- **What this task involves**: From the entries below, print exactly the span beginning with the line holding "A slow cooker" and ending with the line holding "View Vol. 3", endpoints included, and skip any pictures.

- **Data extract**:
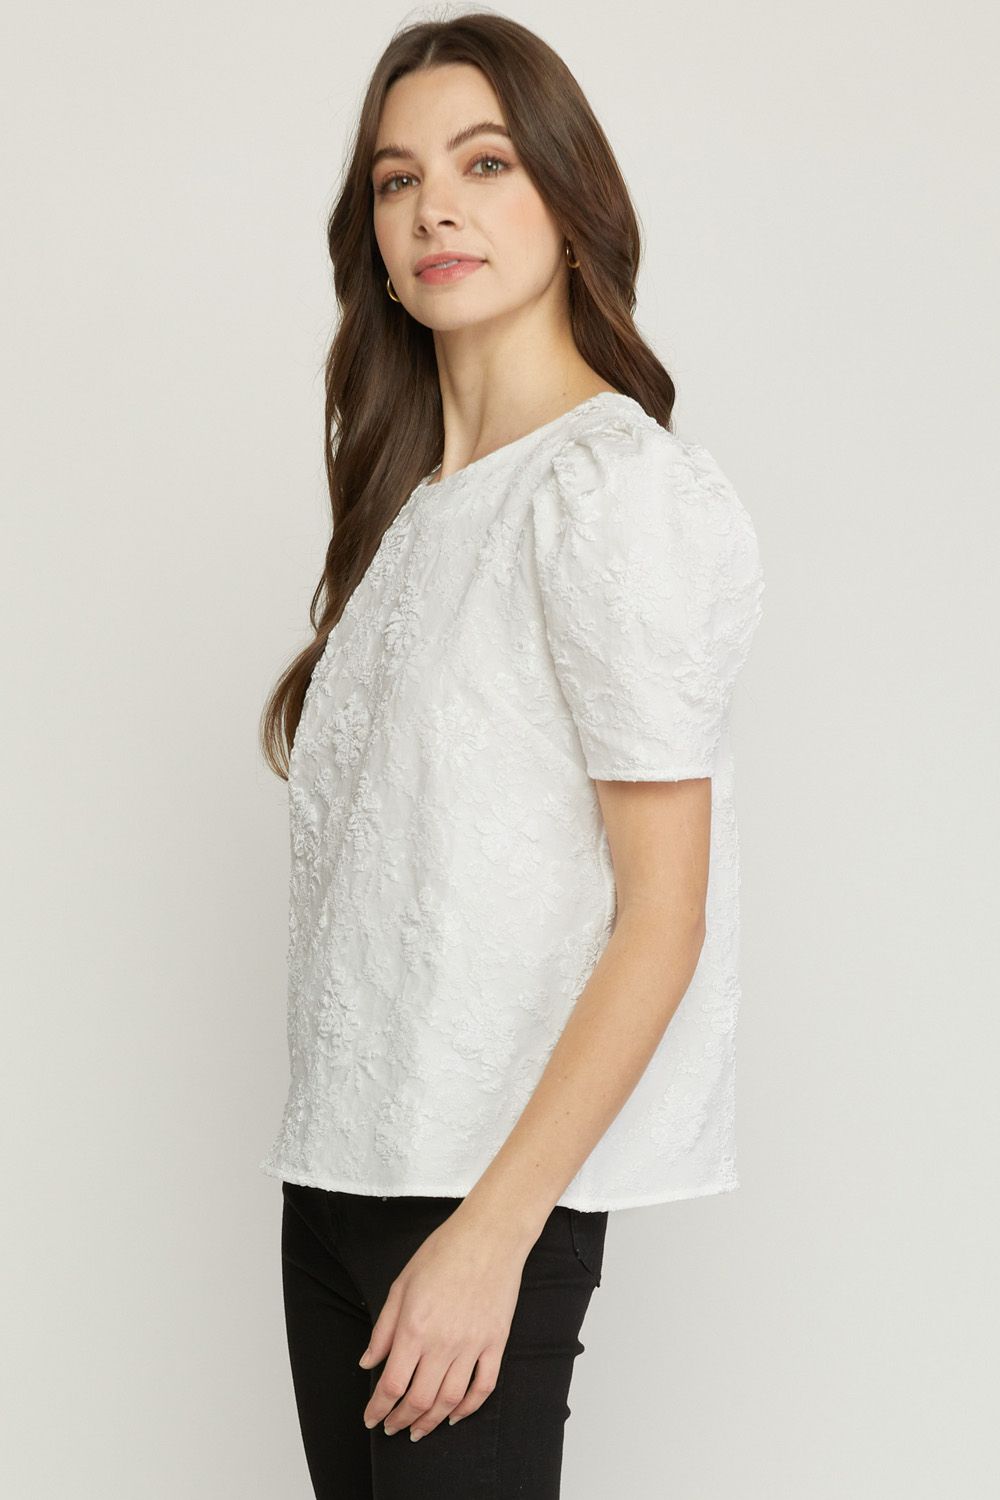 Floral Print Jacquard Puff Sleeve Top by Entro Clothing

--

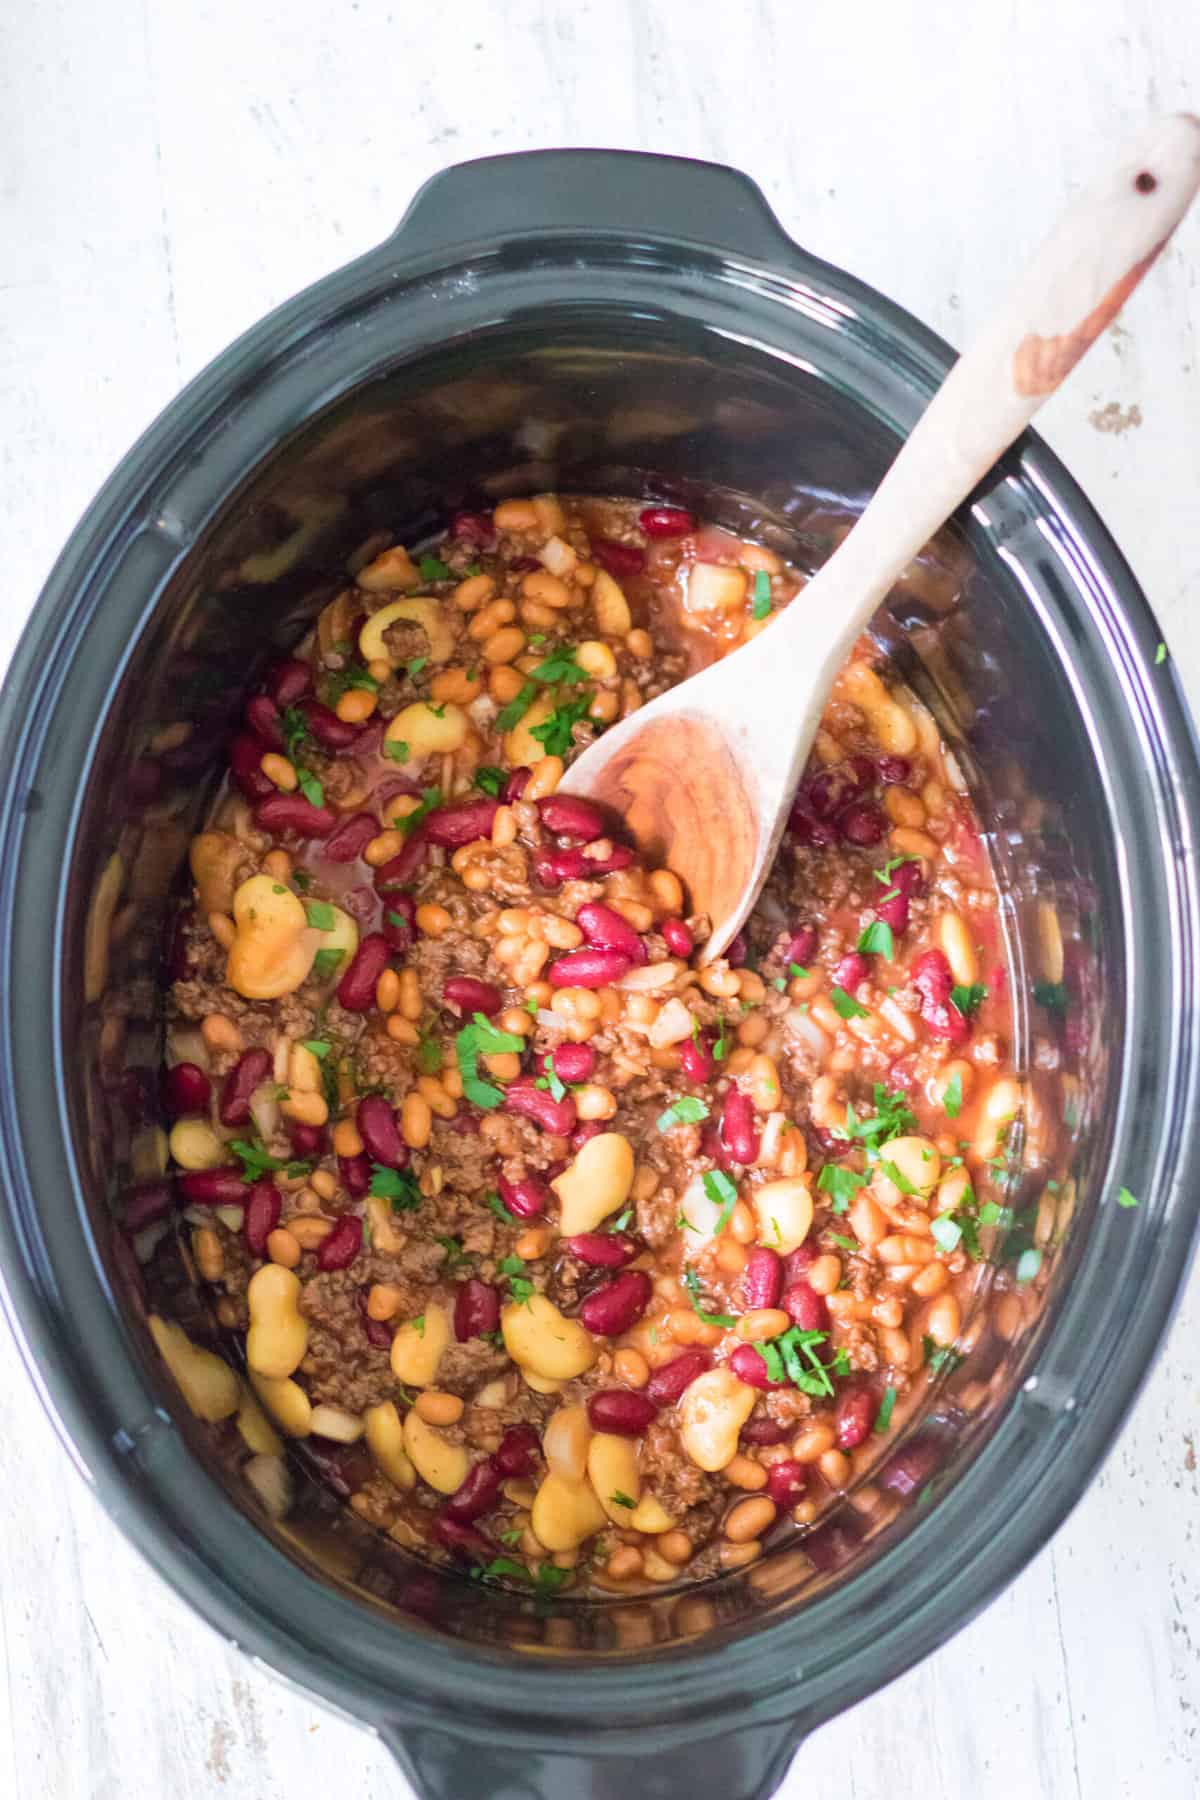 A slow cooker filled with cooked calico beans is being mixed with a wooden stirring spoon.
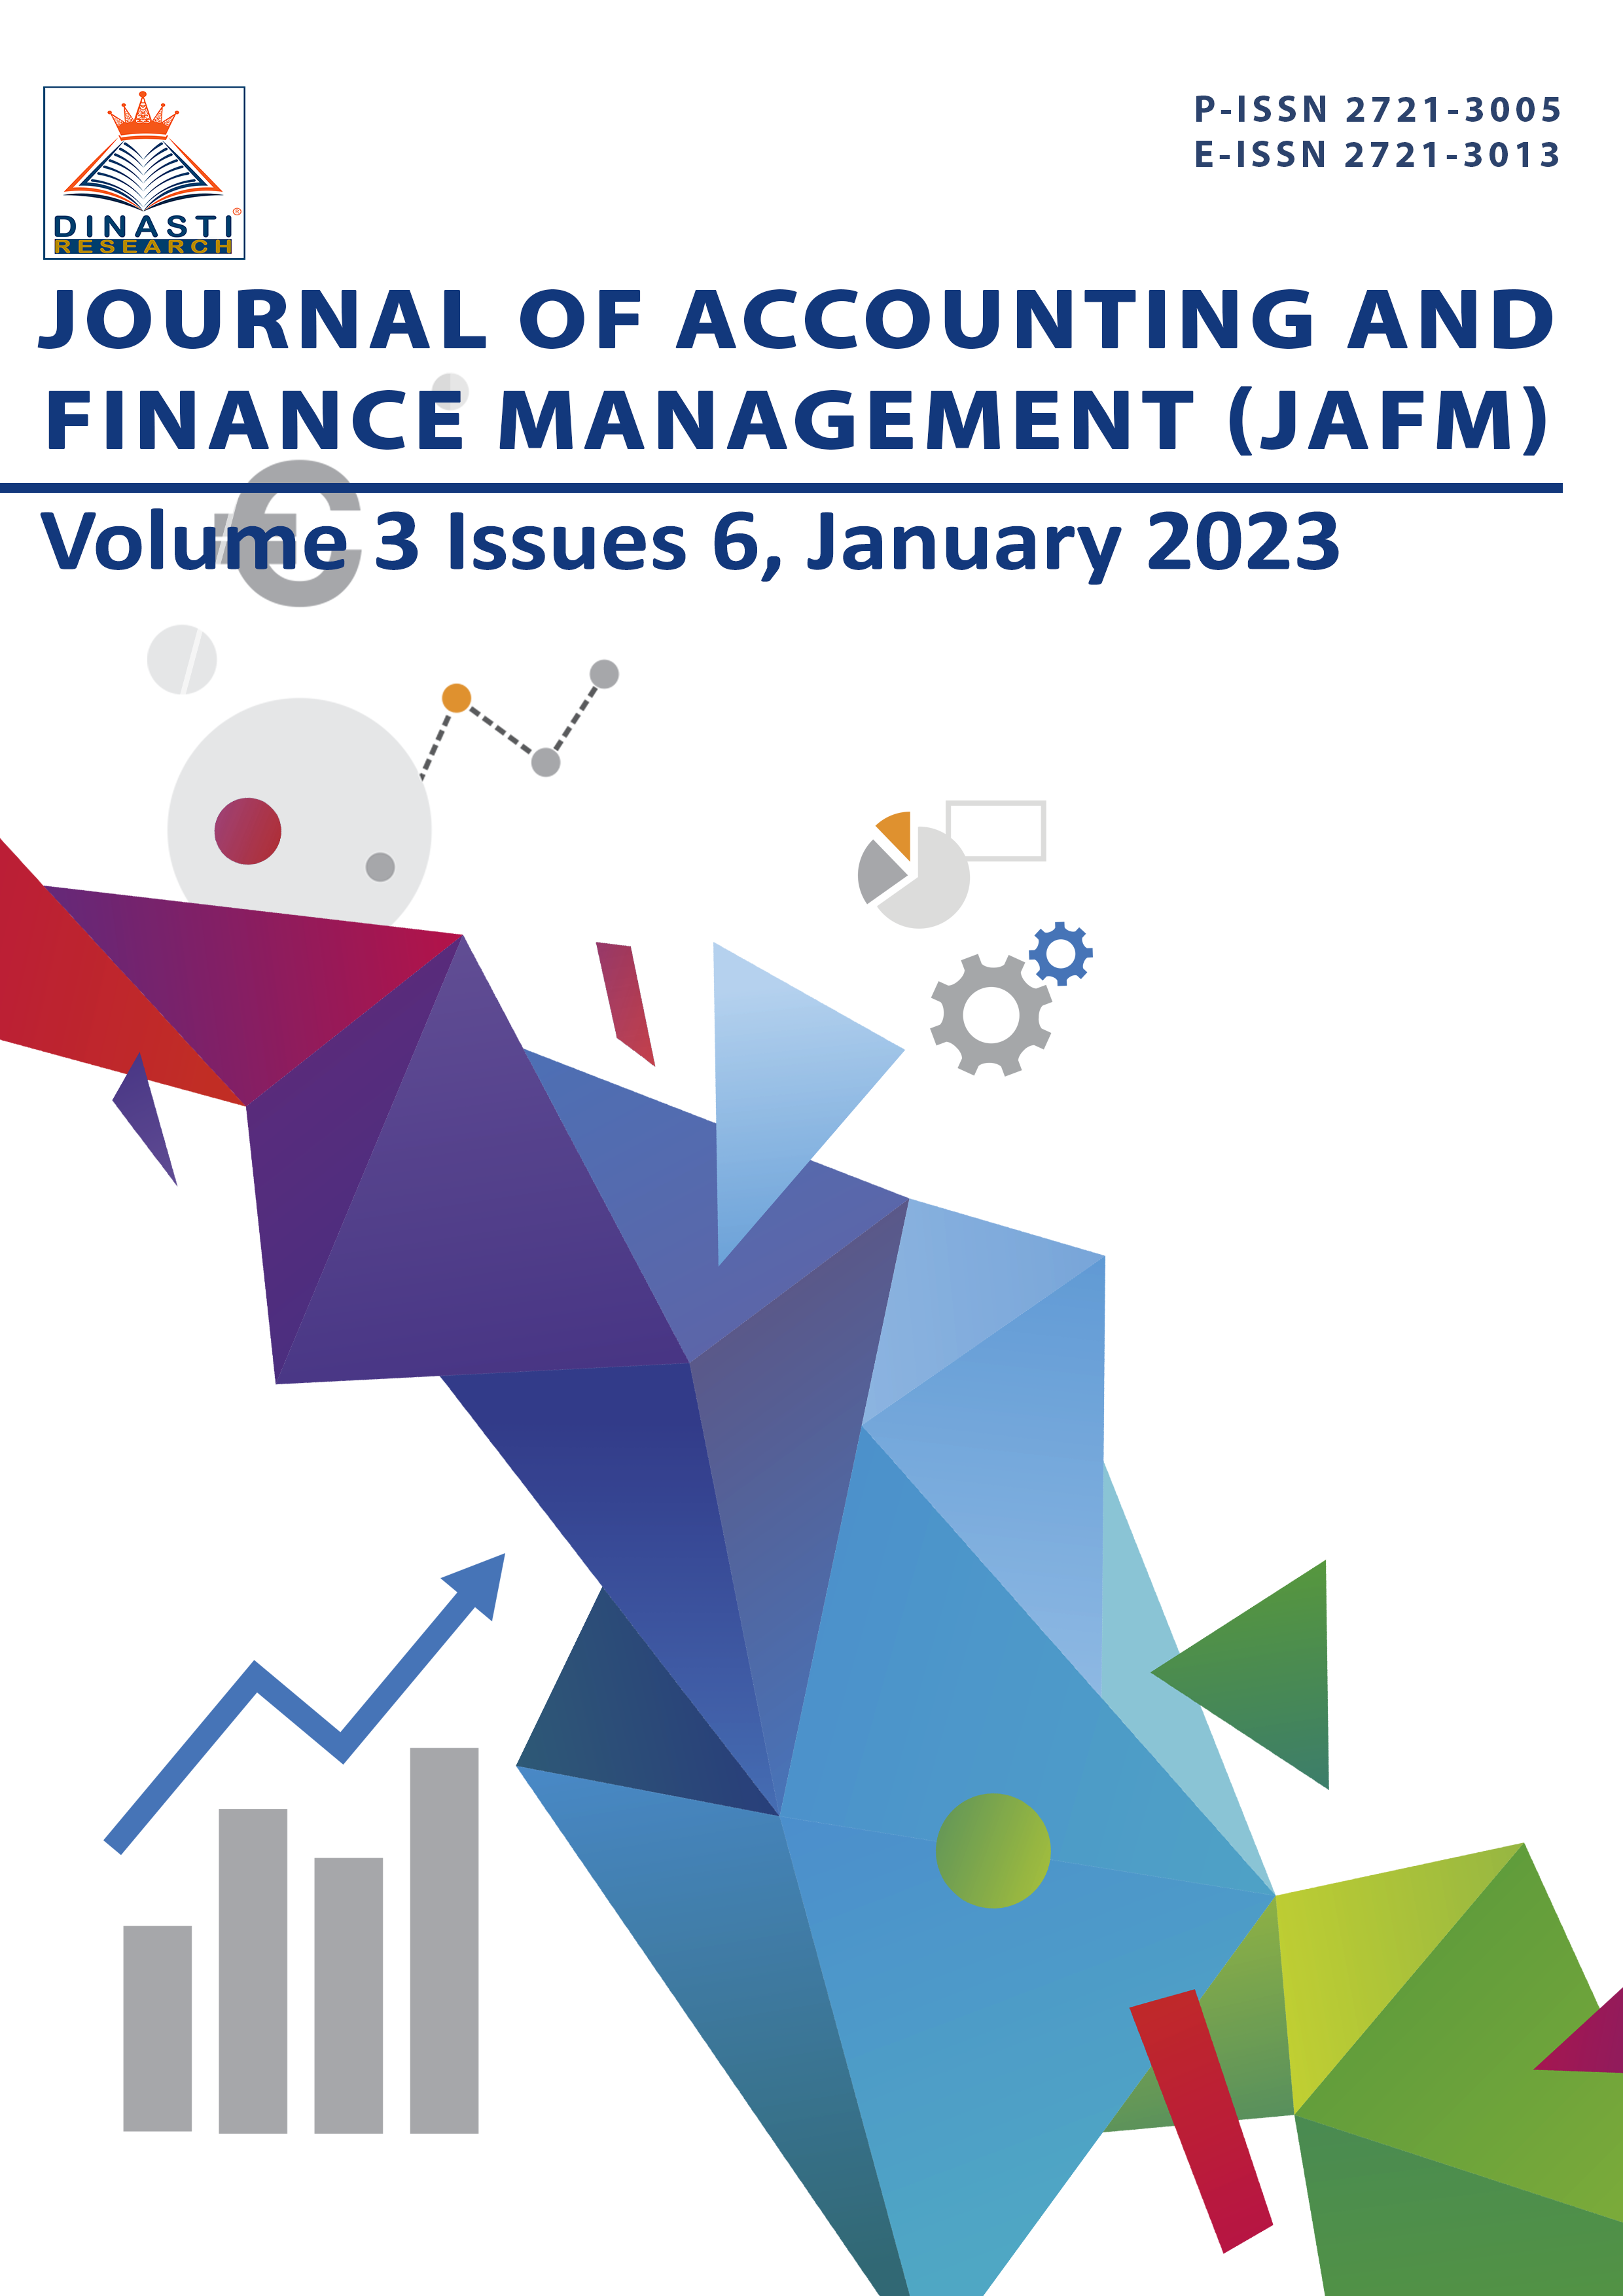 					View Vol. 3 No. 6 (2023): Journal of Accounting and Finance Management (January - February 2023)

* * *

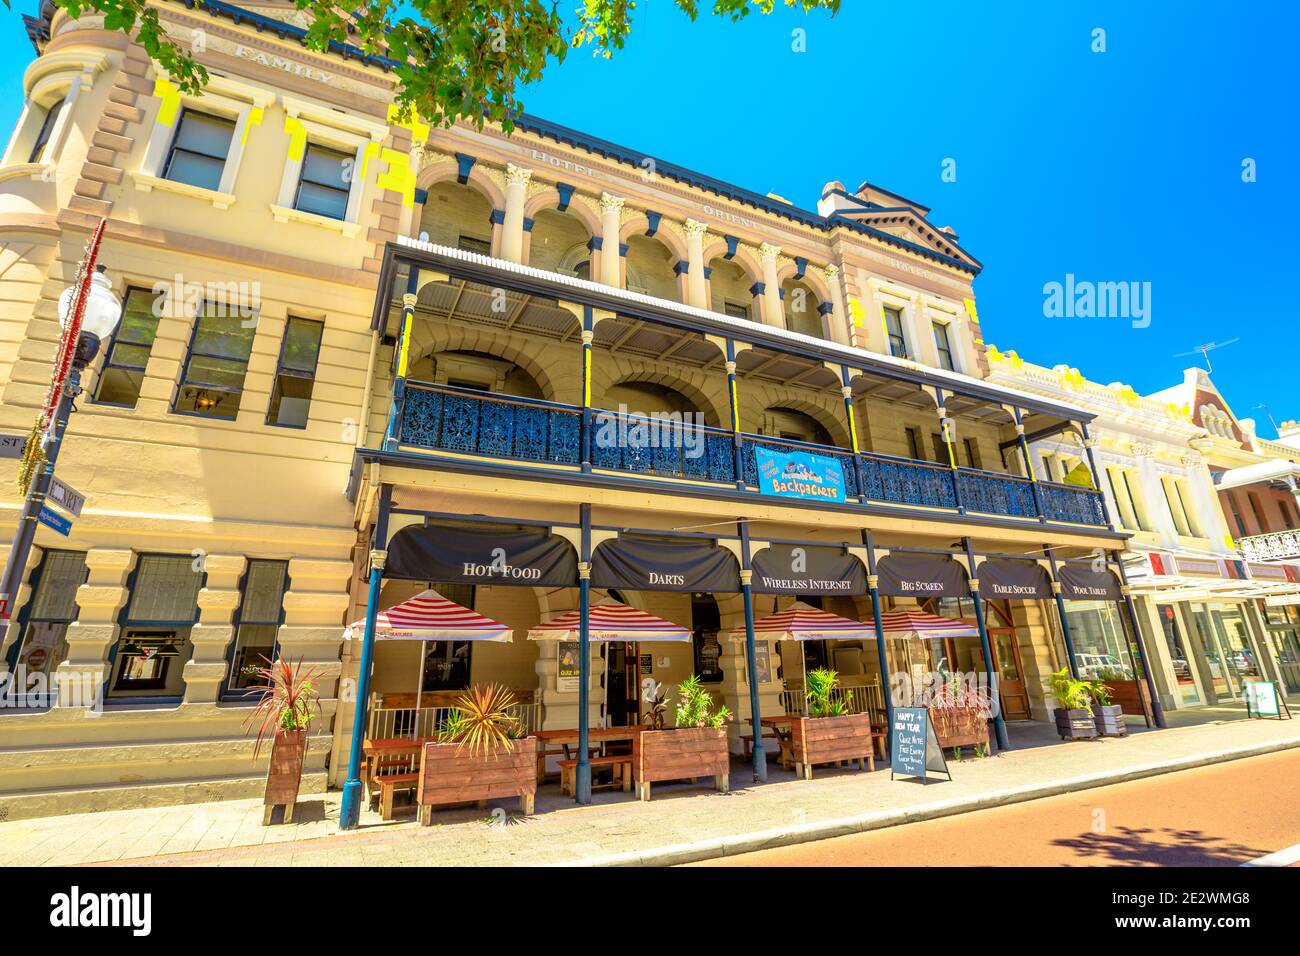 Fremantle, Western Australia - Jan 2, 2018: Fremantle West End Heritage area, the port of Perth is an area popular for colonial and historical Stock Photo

- **Reply**:
 A slow cooker filled with cooked calico beans is being mixed with a wooden stirring spoon.
 					View Vol. 3 No. 6 (2023): Journal of Accounting and Finance Management (January - February 2023)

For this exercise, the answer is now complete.